— Разве я возражаю, если это для пользы, — ответил Черняков. — Кстати, — обернулся он к Кожевникову, — вы собирались завтра на наблюдательный пункт. Проверьте, как он будет стрелять.
— Можно, — согласился Кожевников. — Я говорил с Зайковым, он хотя и молод, но деловит и с огоньком. Было бы лучше представить ему месяц стажировки в батарее, а не отпускать туда от случая к случаю. Если он во время этой практики покажет, что умеет работать с людьми, следует аттестовать его на офицера. Все мы были молодыми, нам помогали, должны помогать и мы...

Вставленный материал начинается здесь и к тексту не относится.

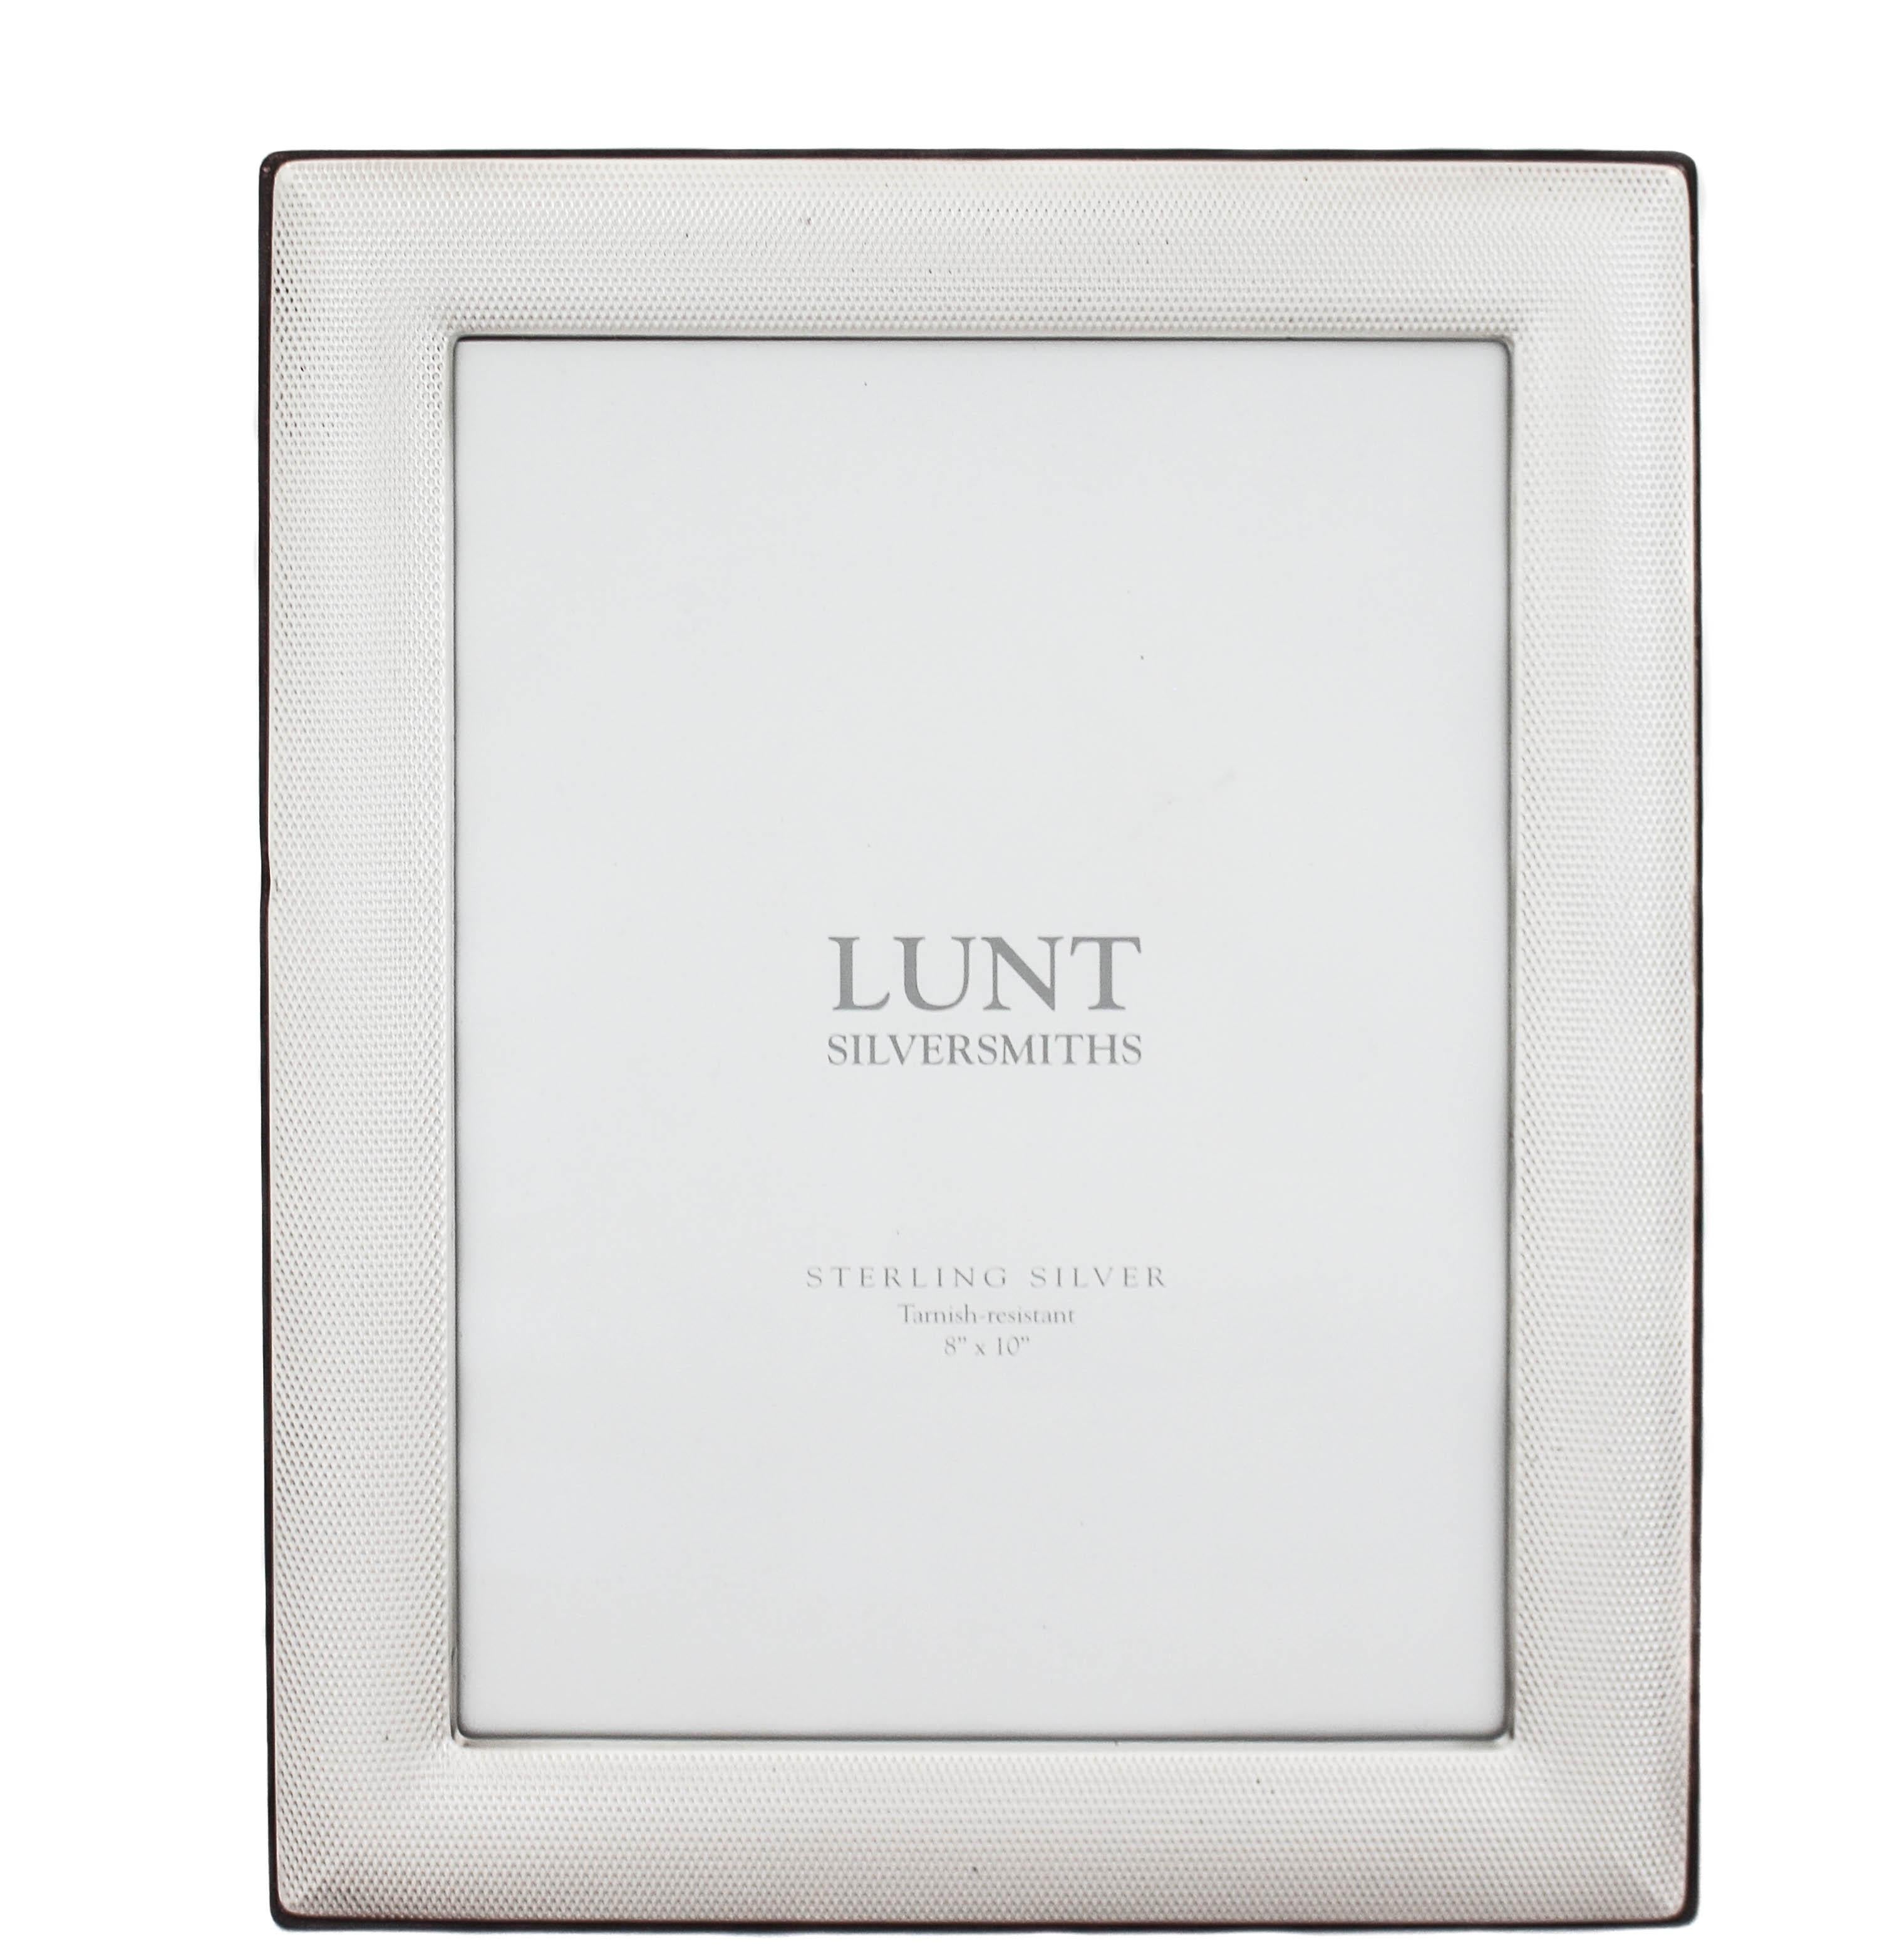 We are offering a new sterling silver picture frame by Lunt Silversmiths. Manufactured in Italy, it is tarnish resistant and has a wood back. The sterling silver front has a python pattern (texture) that is universal and works in any decor.

Крутов собрал свои бумаги и спросил:
— В охранении побывать сегодня?
— Чем раньше, тем лучше!
Крутов попрощался и медленно побрел к своему блиндажу. «Подтачивать»... — Крутов тряхнул головой, поморщился. Что-то претило ему в этом слове, какая-то ошибка. «Ладно, — махнул он рукой, — поживем — разберемся!»
До выхода в боевое охранение Крутов успел немного отдохнуть. Проснулся сам. Будто кто-то его толкнул. Он встал, потянулся, сделал несколько энергичных взмахов.
У стола, подперев голову рукой, сидел оперативный дежурный. Большая черная тень колыхалась на стене, усиливаясь, когда коптилка вдруг вспыхивала более ярким пламенем.
— Чего ты так рано? — спросил дежурный.
— Надо сходить в батальон.
— В такую рань... Бр-р!
Ночь. Темень. Холодные звезды щедро рассыпаны по небесному пологу. Со стороны болота тянет сыростью и прохладой. Фыркают у коновязи лошади. На переднем крае лениво переговариваются пулеметы; всполохи ракет сонно приподнимают трепетные светлые крылья. Повар комендантского взвода растапливал походную кухню.
«Два часа», — подумал Крутов и прибавил шагу. До переднего края дорога была знакома. В траншеях народу находилось маловато, и он долго шел, никого не встречая.
Вдруг перед ним выросла темная фигура бойца. Тихо, но внушительно приказали. «Стой! Пропуск».
Крутов вздрогнул от неожиданности, но ответил.
— Вам куда надо, товарищ старший лейтенант, к комбату?
— Как ты меня узнал? В такой-то темноте?
— Узнал... Я вас еще издали услышал, а когда подходили, так и без пропуска вижу, что свой офицер. Не так давно вы к нам с комбатом заглядывали. Росток у вас приметный...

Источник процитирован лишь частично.